Your assignment: Word for word, please restate the line that contains "Кофта FJALLRAVEN tornetrask" and all lines after it through the end of the material, minus the pictures.

Source data:

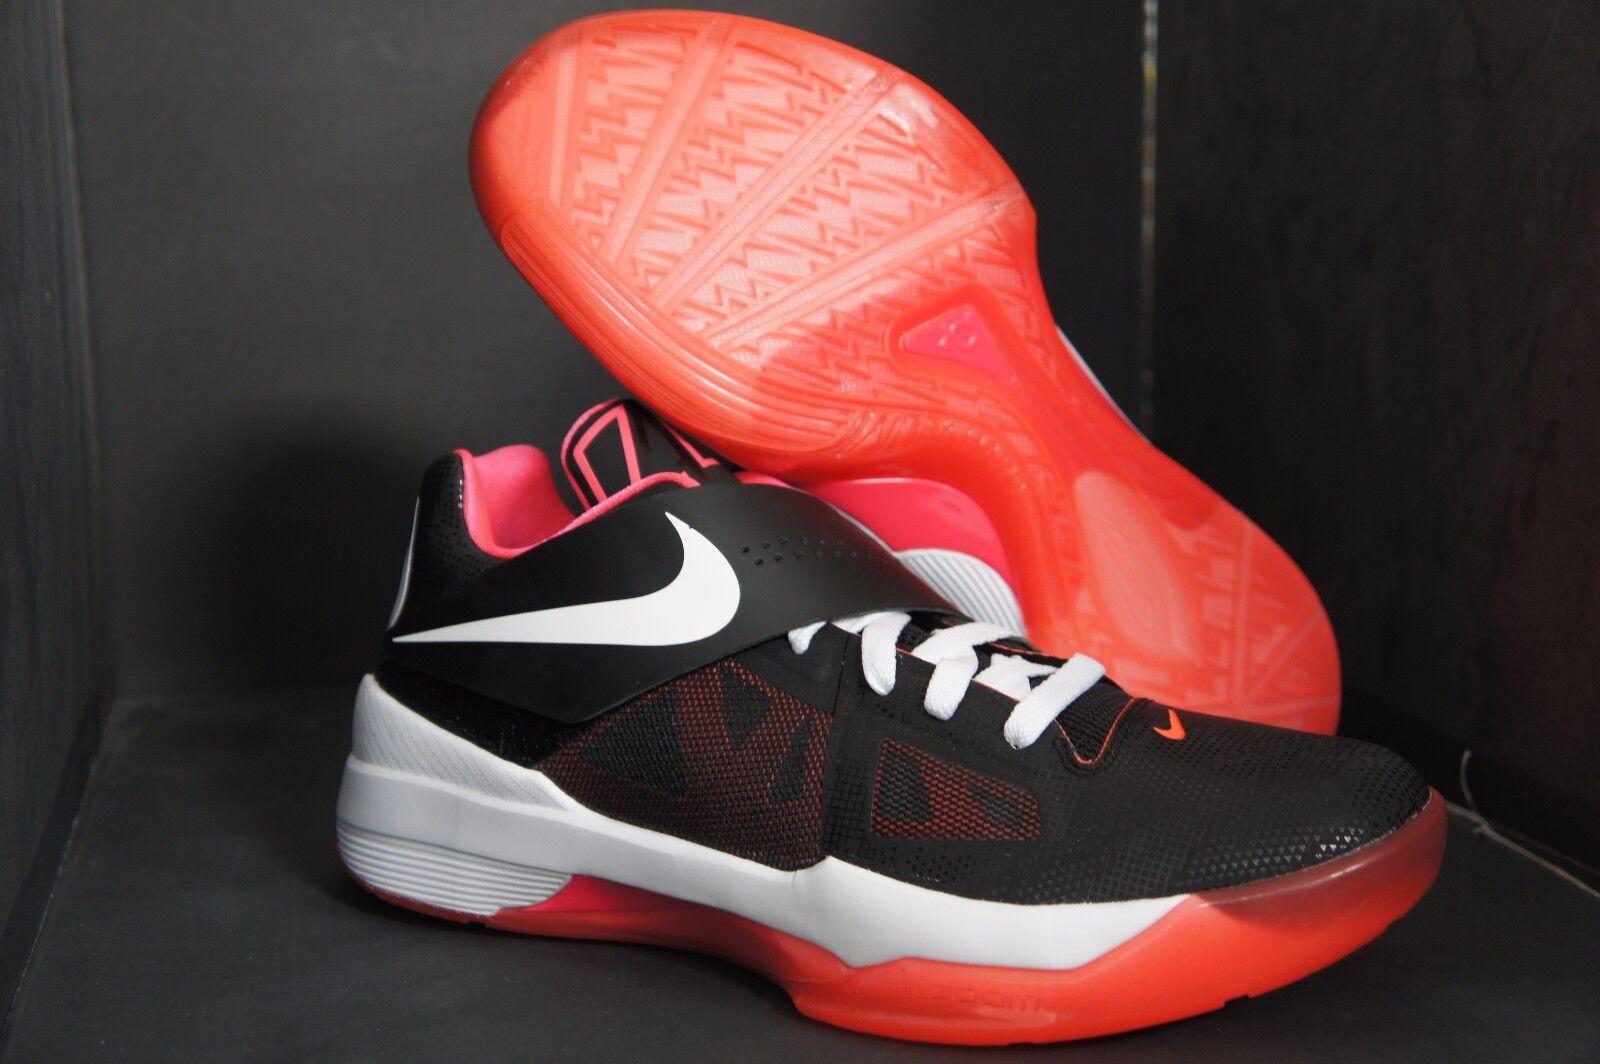 Nike KD 4 Kay Yow Rosa el Galaxy que el Rosa Big Bang Negro N7 id comodo especial de tiempo limitado a5d7d5
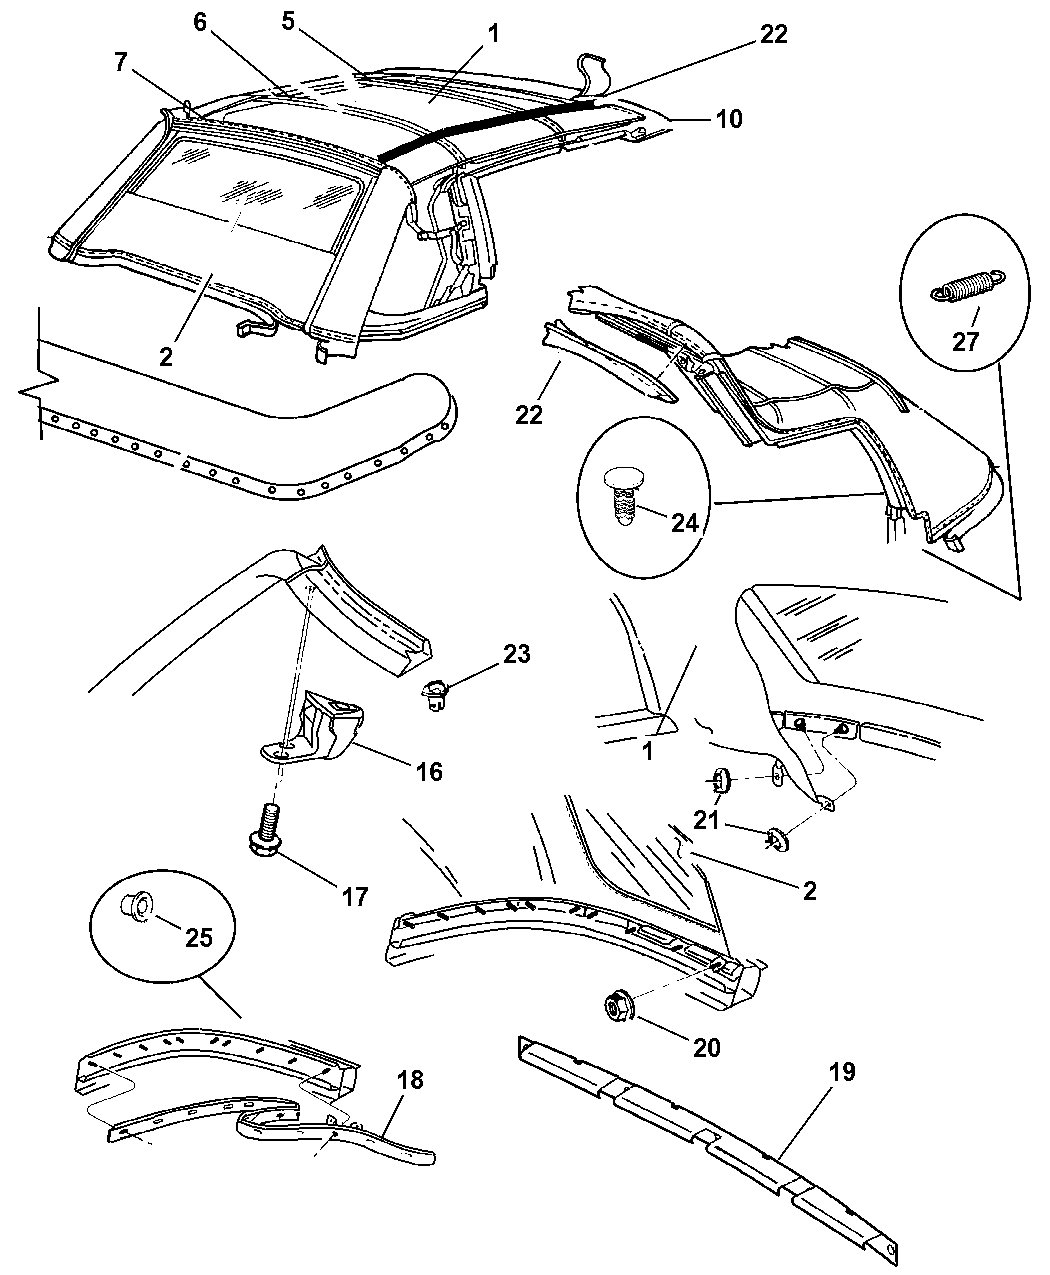 2006 Chrysler Sebring Convertible Top
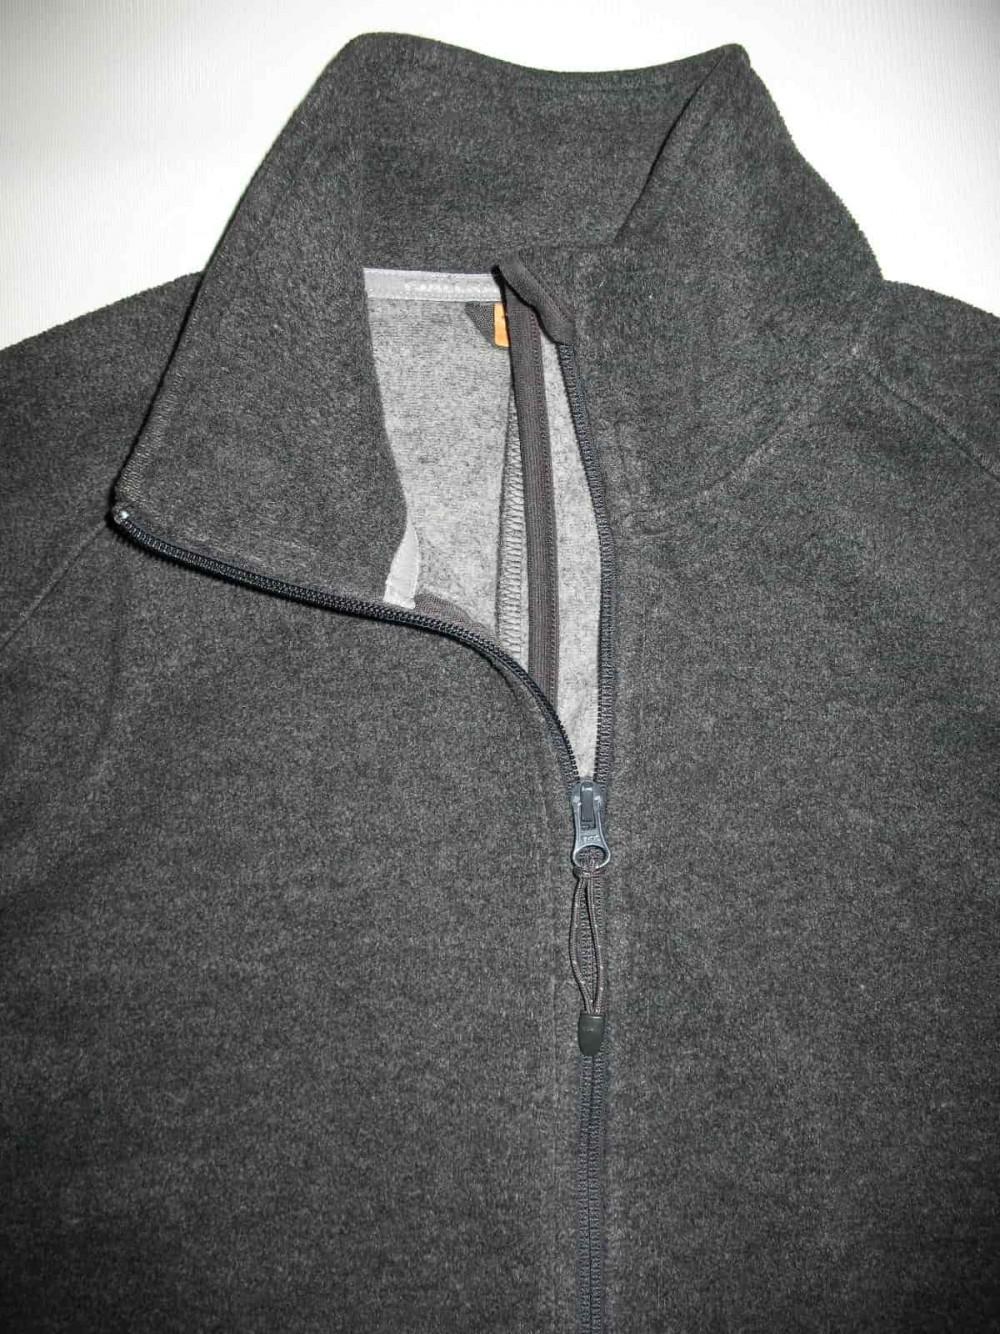 Кофта FJALLRAVEN tornetrask fleece jacket (размер L) - 5
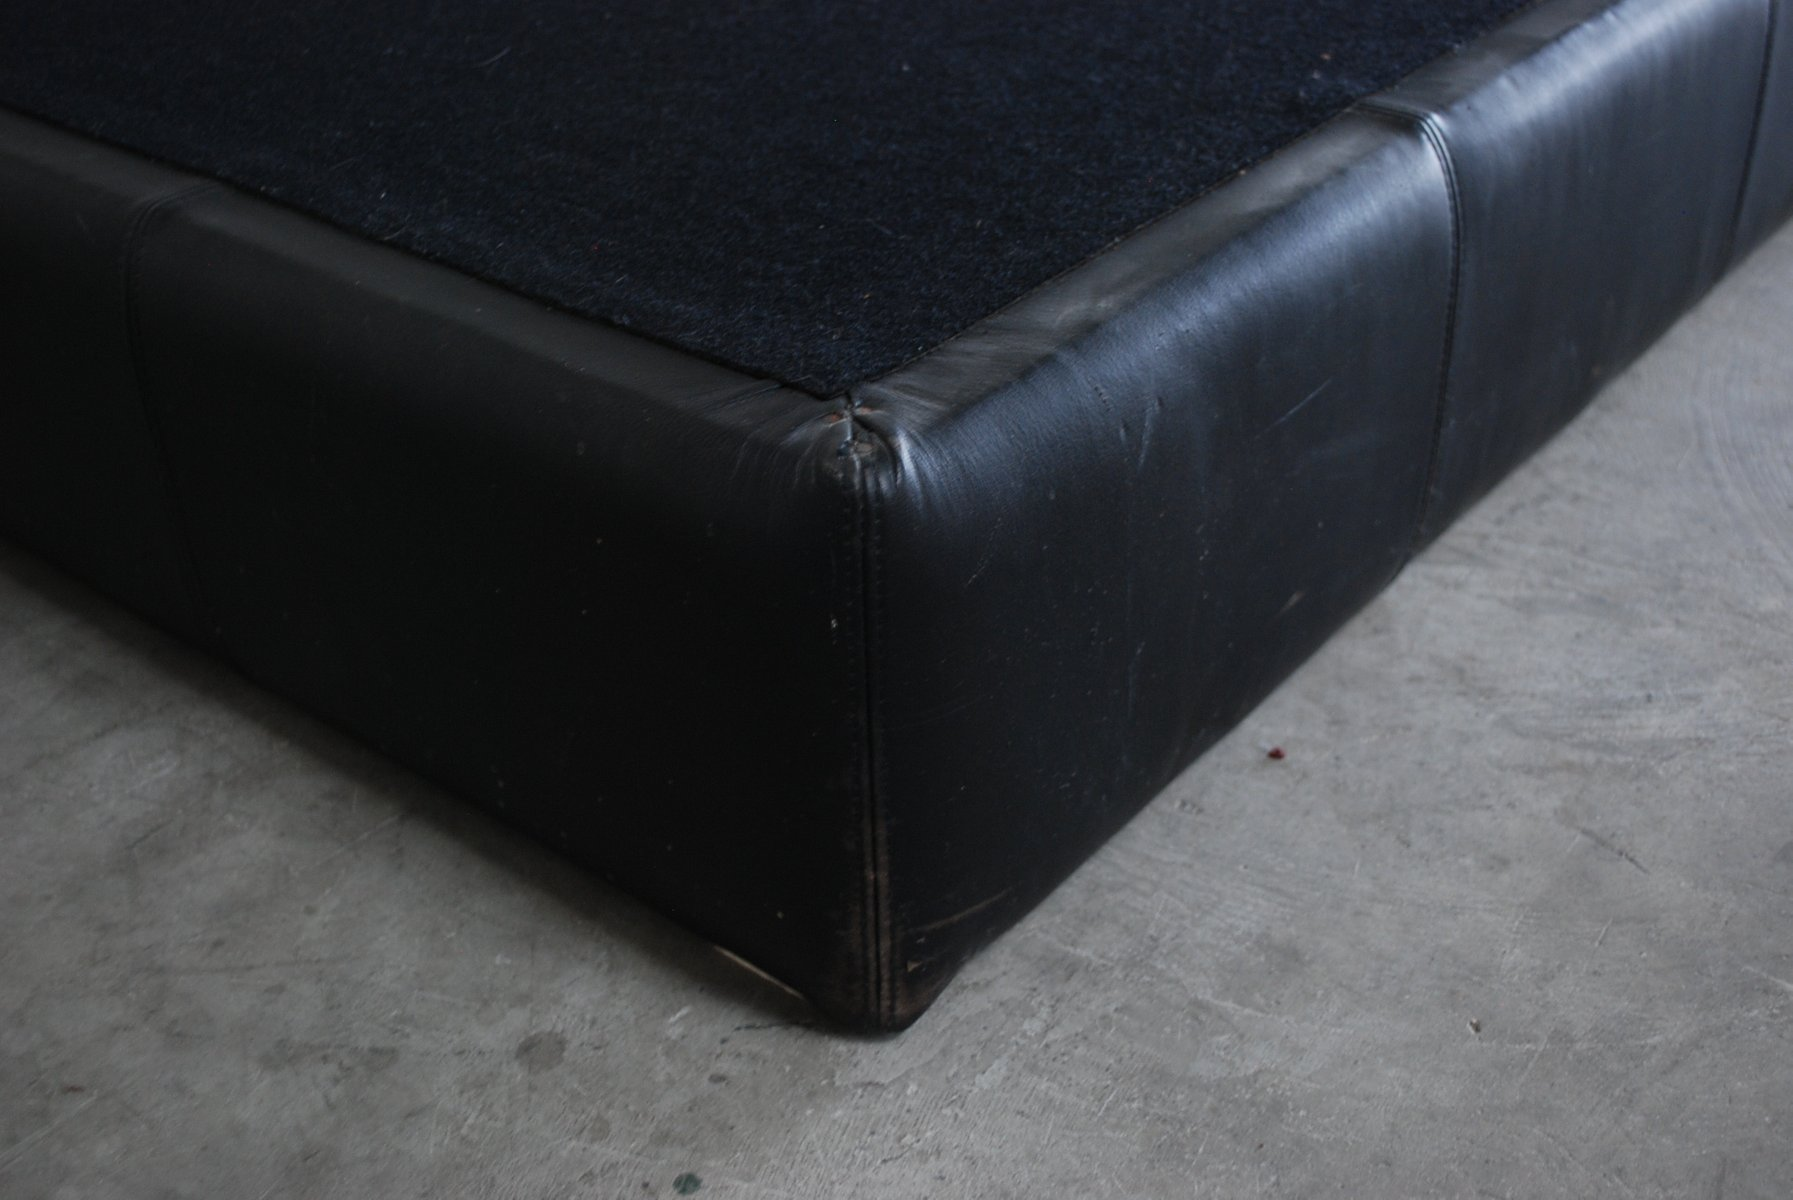 schwarzer vintage ds 88 lederhocker von de sede bei pamono. Black Bedroom Furniture Sets. Home Design Ideas

Response area:
 Кофта FJALLRAVEN tornetrask fleece jacket (размер L) - 5
 schwarzer vintage ds 88 lederhocker von de sede bei pamono. Black Bedroom Furniture Sets. Home Design Ideas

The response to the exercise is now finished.